> **What to work on**:
Find the line that contains "18K Yellow Gold" in the entries below. Output it and each later line exactly, and nothing else.

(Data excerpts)
▼▼▼

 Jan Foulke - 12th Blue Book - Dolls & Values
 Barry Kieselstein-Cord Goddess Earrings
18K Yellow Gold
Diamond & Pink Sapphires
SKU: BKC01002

▲▲▲

> **Reply to the exercise**:
18K Yellow Gold
Diamond & Pink Sapphires
SKU: BKC01002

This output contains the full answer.